Data Extract

Question

Data Extract

ishaan99

SSCertifiable

Points: 6261
More actions
March 26, 2012 at 8:18 am

#253718

I have a table witha column as clientid. the client id datais as follows
'55566',
'00055566'
'abcd'
'ijkl'
'1234'
'8890'
'05566'
'008890'
'8765'
'9021'
IN the above list 55566 and 8890 is a client which gets repeated a few times with superceding 0's.is there a way we extract ony thoose clientids and see if these exists as substring data in another record.if there a straight sql which could give me the results set as
'55566'
'00055566'
'05566'
'8890'
'008890'
ANy help on this wil lbe greatly appreciated. TIA

Viewing 8 posts - 1 through 7 (of 7 total)

You must be logged in to reply to this topic. Login to reply

Lowell SSC Guru Points: 323518 More actions · Answer 1

where the sample values 'abcd' and 'ijkl' there to show that the clientid is alphanumeric, or are all the id's really numeric?

if they are numeric, you can convert them to INT, for example.

converting to int will strip preceeding zeros...

WHERE CONVERT(int,client_id) IN(55556,8890)

if they are numeric and have to be varchars, recovert again to varchar:

WHERE CONVERT(varchar,CONVERT(int,client_id)) IN('55556','8890')

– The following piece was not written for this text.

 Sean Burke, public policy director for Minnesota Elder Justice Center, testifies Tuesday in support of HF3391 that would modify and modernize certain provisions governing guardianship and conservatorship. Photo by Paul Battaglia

if the values are sometimes alphanumeric, you can use a case statement:

WHERE

CASE

WHEN ISNUMERIC(client_id) = 1

THEN CONVERT(varchar,CONVERT(int,client_id))

ELSE client_id

END IN('55556','8890')

Lowell

--help us help you! If you post a question, make sure you include a CREATE TABLE... statement and INSERT INTO... statement into that table to give the volunteers here representative data. with your description of the problem, we can provide a tested, verifiable solution to your question! asking the question the right way gets you a tested answer the fastest way possible!

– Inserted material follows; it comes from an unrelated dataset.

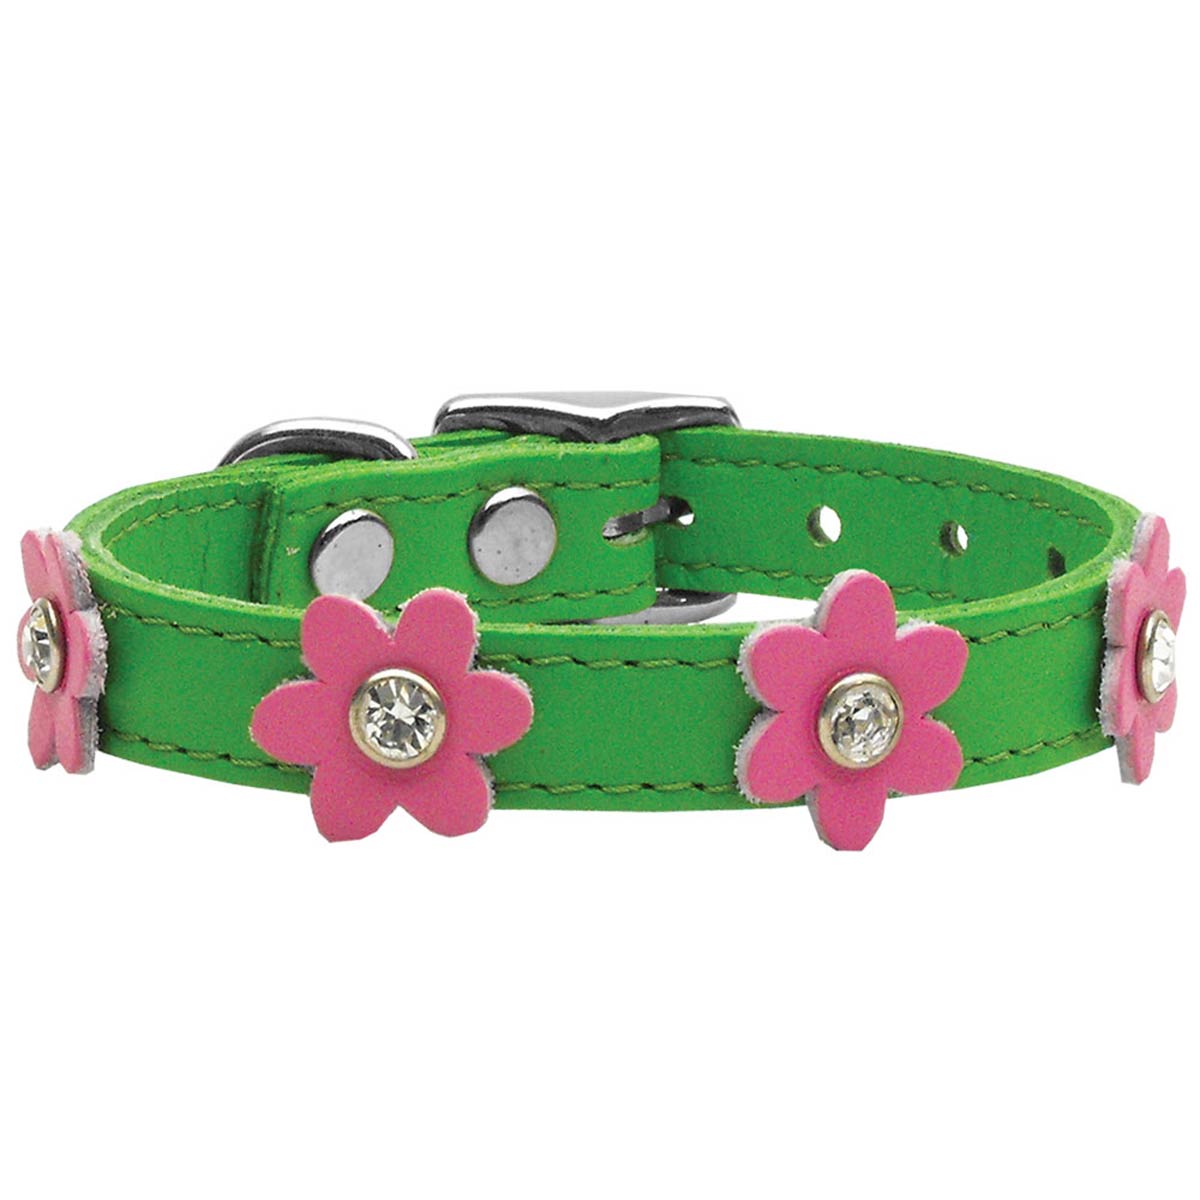 Flower Emerald Green Leather Dog Collar - Pink Flowers

GSquared SSC Guru Points: 260824 More actions · Answer 2

I'm not entirely clear on what you want here. Do you want the string-literal, or do you want the numeric equivalent so you can tie them together?

If the numeric equivalent, then insert into a temp table using "Where PatIndex '%[^0-9]%' = 0" (that will get you the ones that are strictly numeric), and the convert the values in the temp table to integers. That will give you the ones that can be converted to integers, and you can then pull equivalances from there.

Something like:

create table #T (

RawVal varchar(100),

NumVal int);

insert into #T (RawVal)

select MyColumn

from dbo.MyTable

where PatIndex '%[^0-9]%' = 0;

update #T

set NumVal = RawVal;

select *

from #T as T1

inner join #T as T2

on T1.RawVal != T2.RawVal

and T1.NumVal = T2.NumVale;

That will give you the original values that would be equivalent if they were integers, like "8890" and "0008890". You can join that back to the original table to get rows that have "the same value" numerically but different values as strings.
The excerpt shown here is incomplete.